─── Supplied records

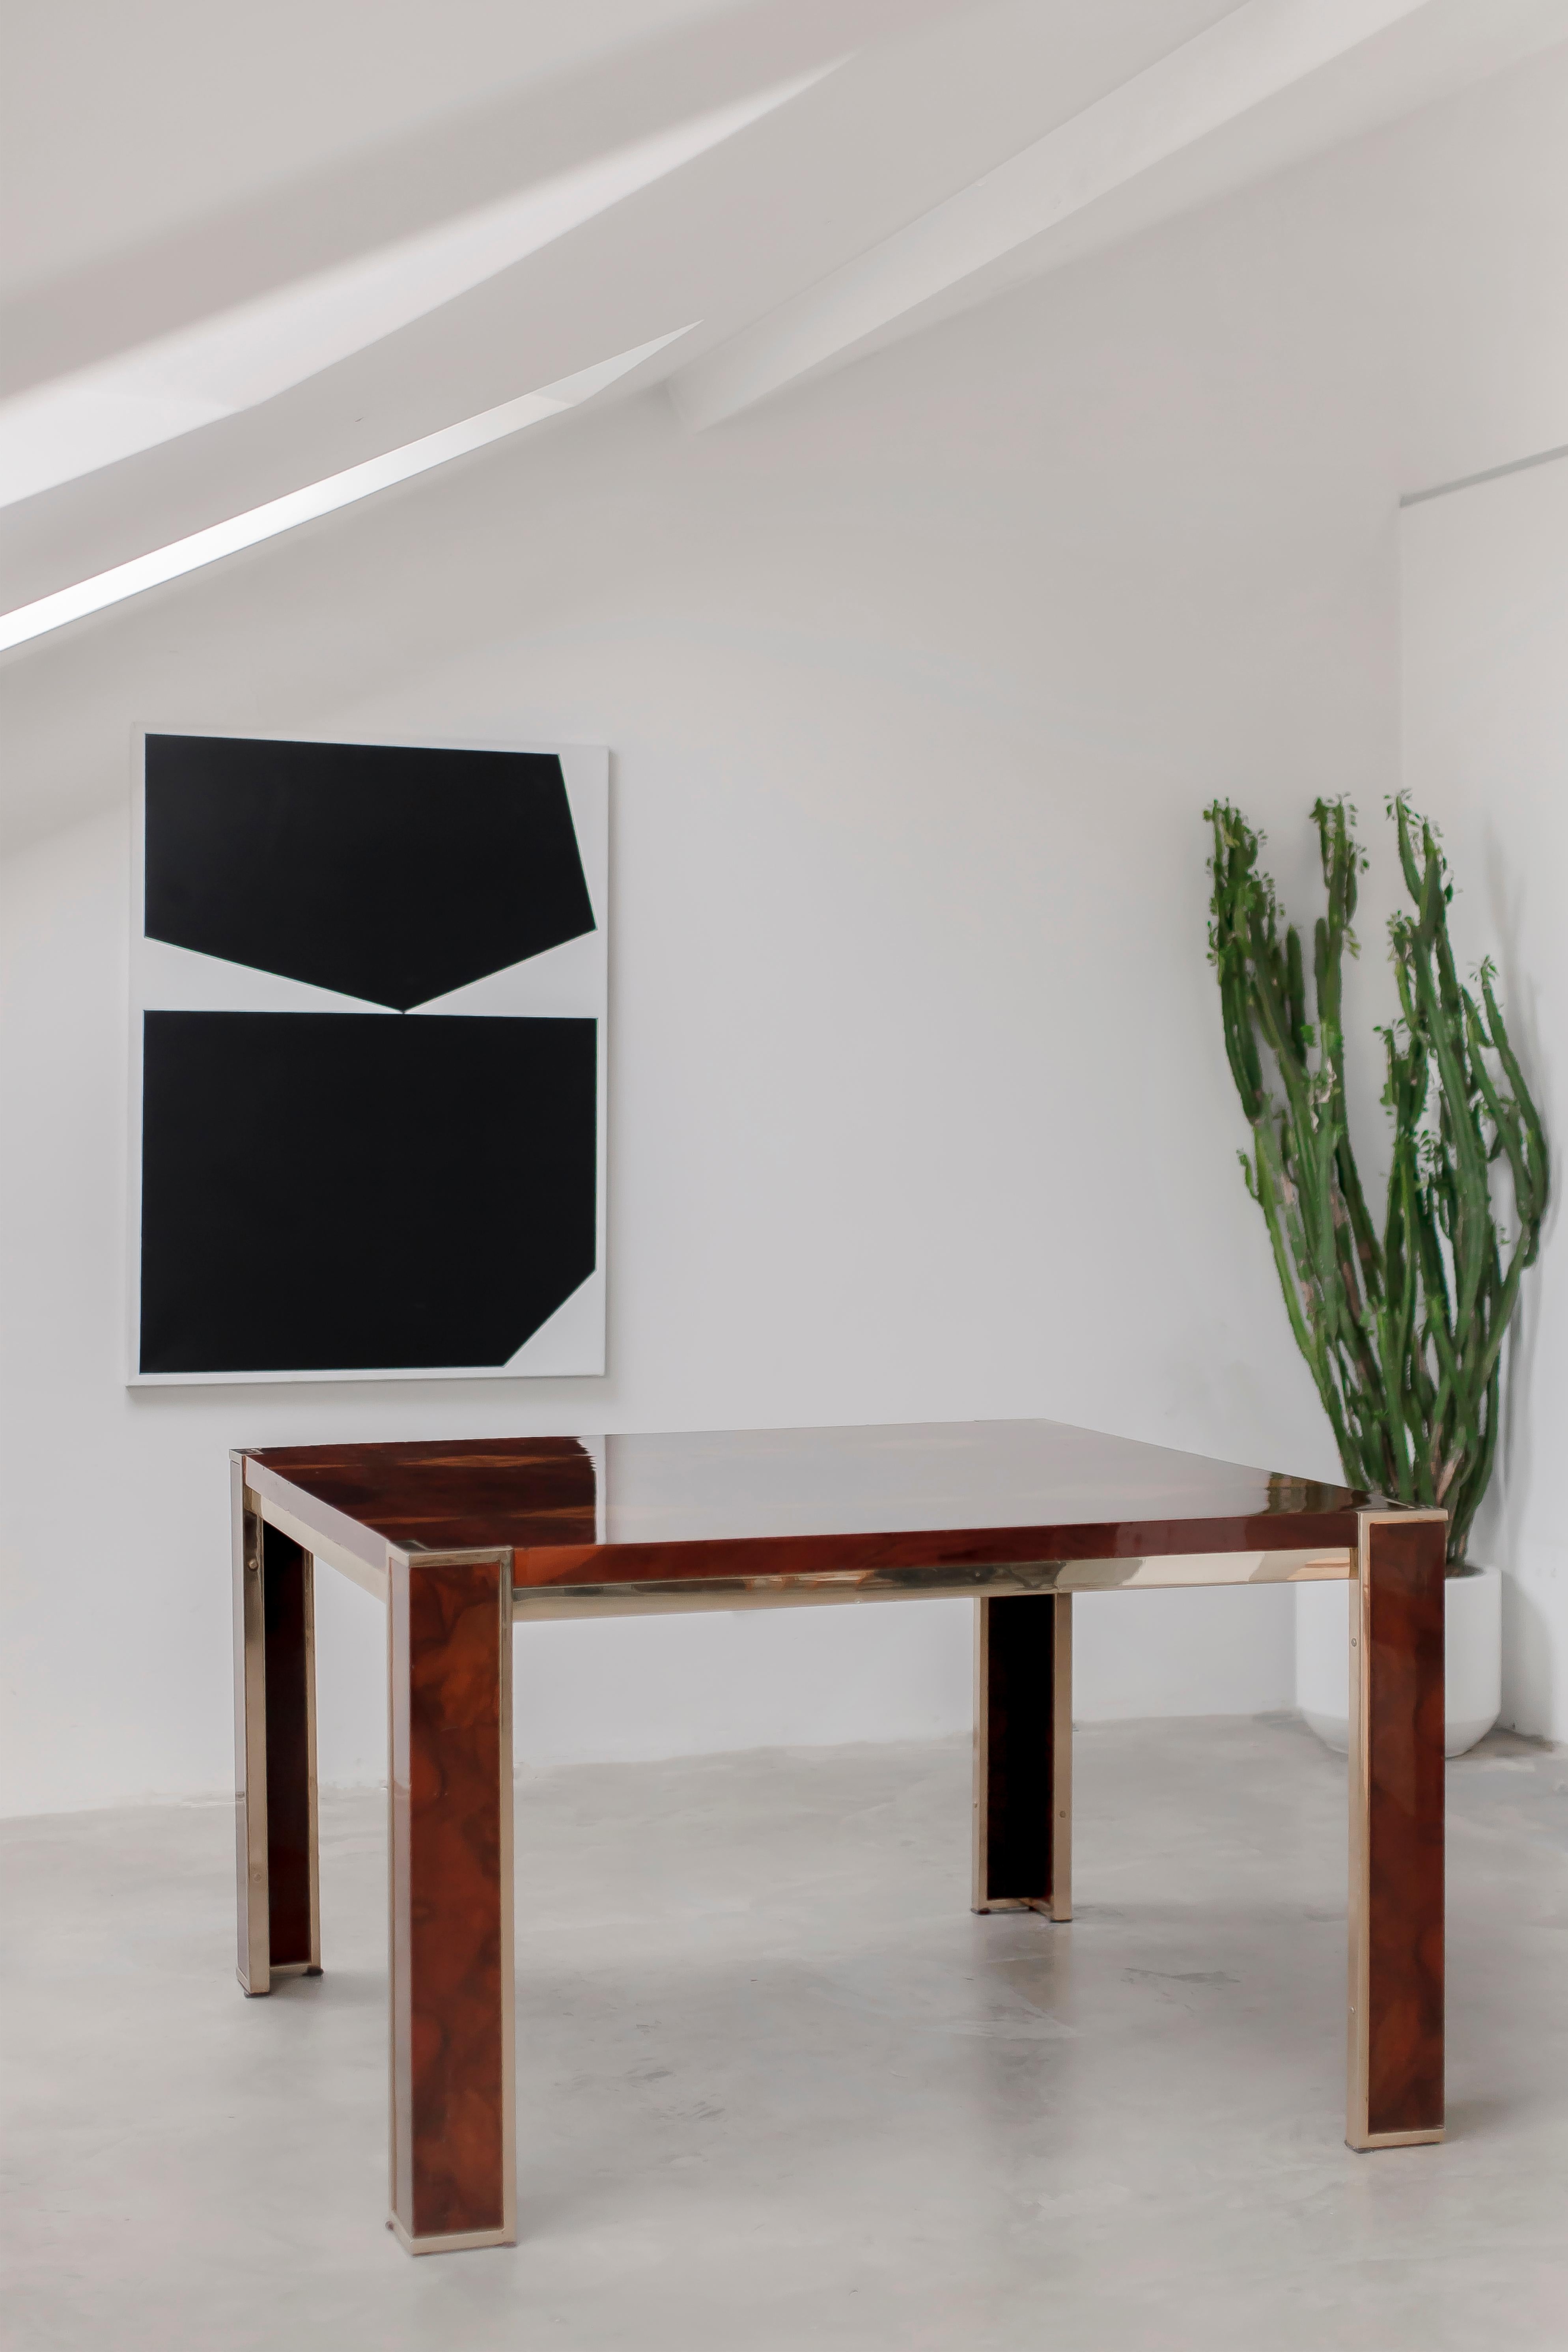 Pièce de design moderne minimaliste datant de la fin des années 1970.
Nous ne savons pas si la table est conçue ou si elle est dans le style de Willy Rizzo. 
Il présente toutes les caractéristiques communes au designer mentionné.
Des éléments en
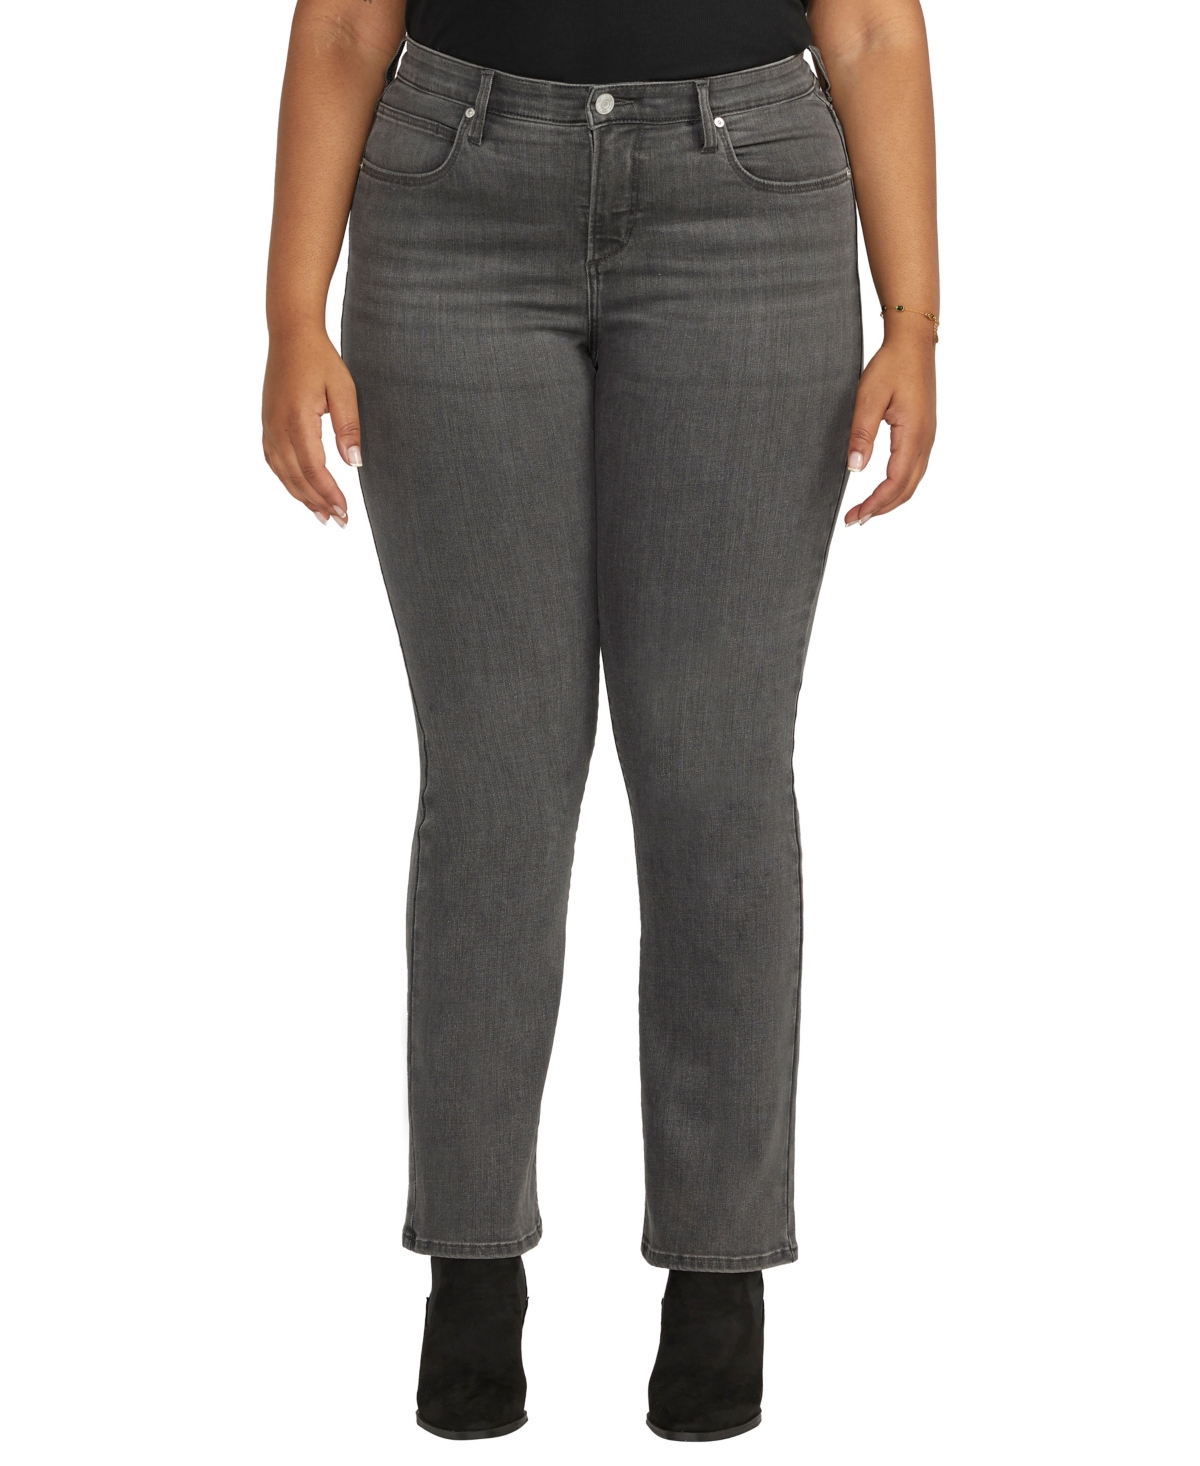 Plus Size Eloise Mid Rise Bootcut Jeans - Stormcloud
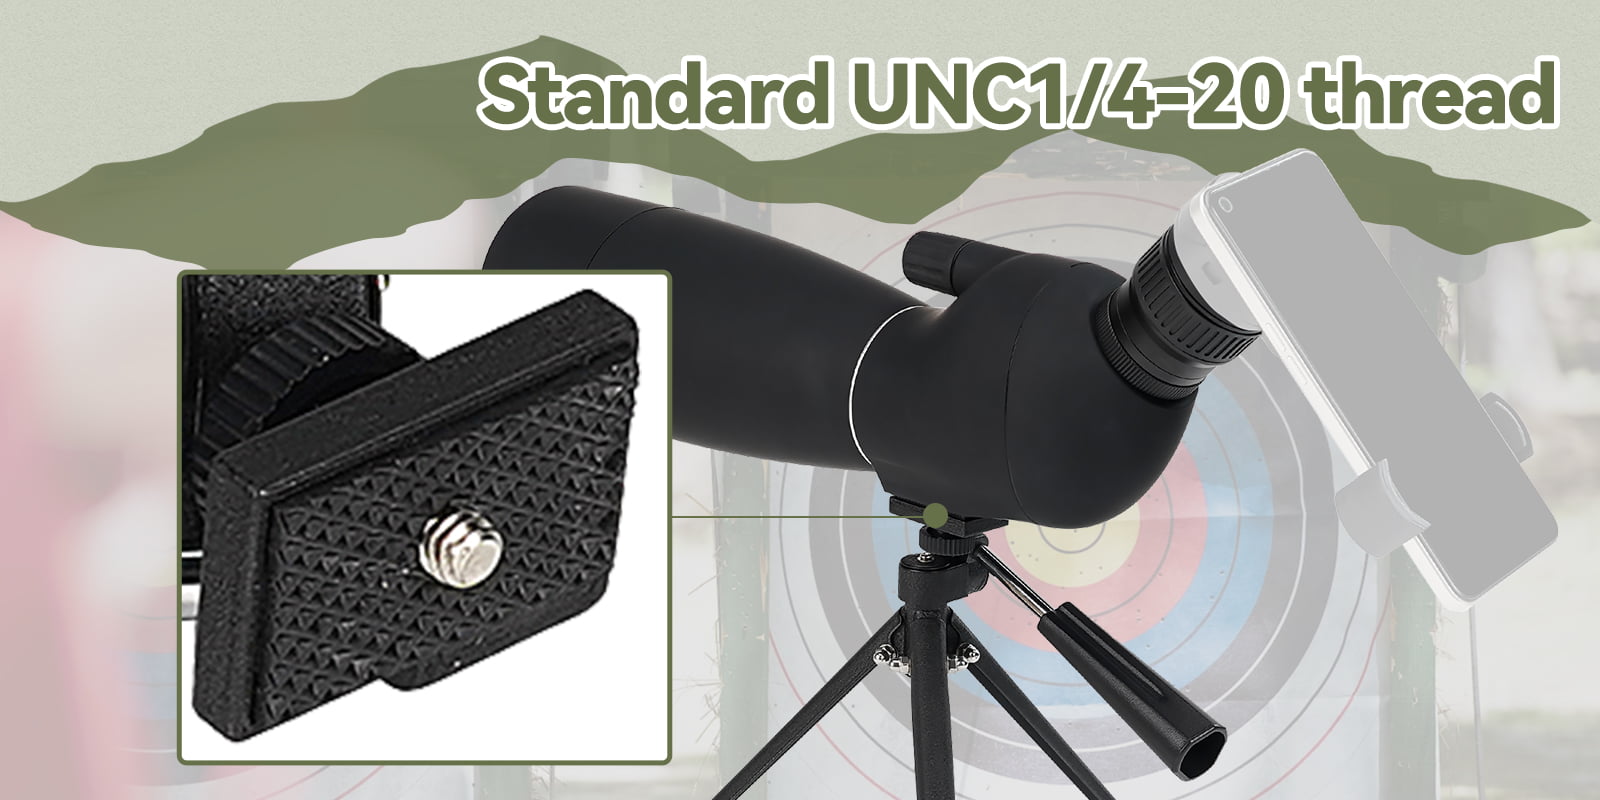 sv28plus spotting scope holder.jpg
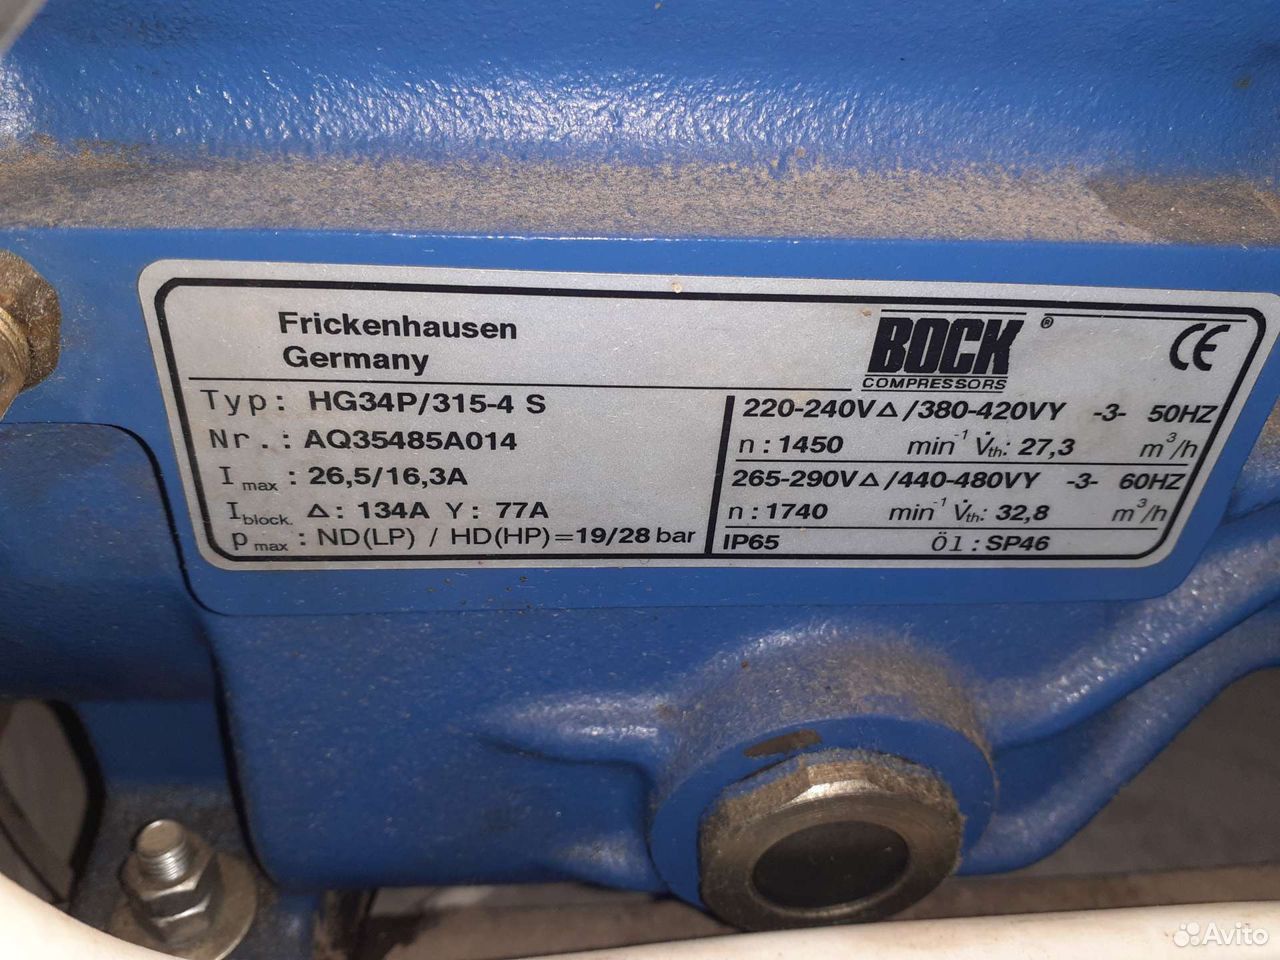  Холодильный агрегат на базе компрессора Bock  89226838027 купить 2
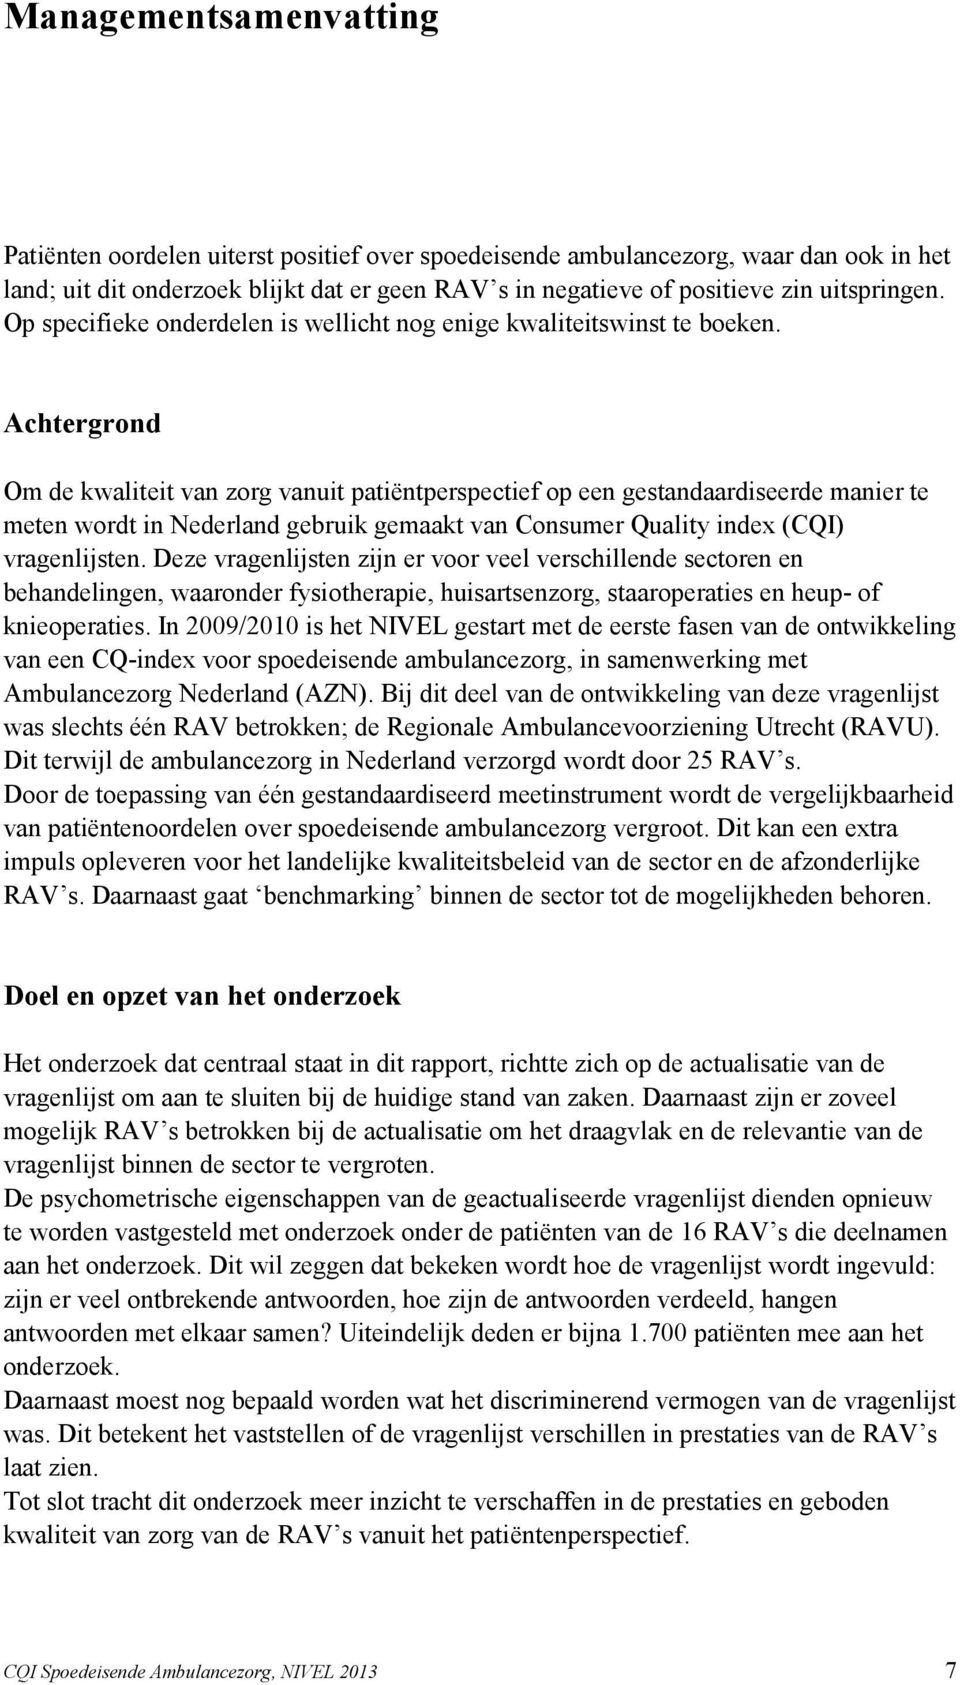 Achtergrond Om de kwaliteit van zorg vanuit patiëntperspectief op een gestandaardiseerde manier te meten wordt in Nederland gebruik gemaakt van Consumer Quality index (CQI) vragenlijsten.

──────

▶ Exercise aim
Every line from the one holding "sv28plus spotting scope holder.jpg" to the last line of the listing above, inclusive, must appear exactly as written, and no picture may appear.

▶ Task response
 sv28plus spotting scope holder.jpg
  Холодильный агрегат на базе компрессора Bock  89226838027 купить 2
 Achtergrond Om de kwaliteit van zorg vanuit patiëntperspectief op een gestandaardiseerde manier te meten wordt in Nederland gebruik gemaakt van Consumer Quality index (CQI) vragenlijsten.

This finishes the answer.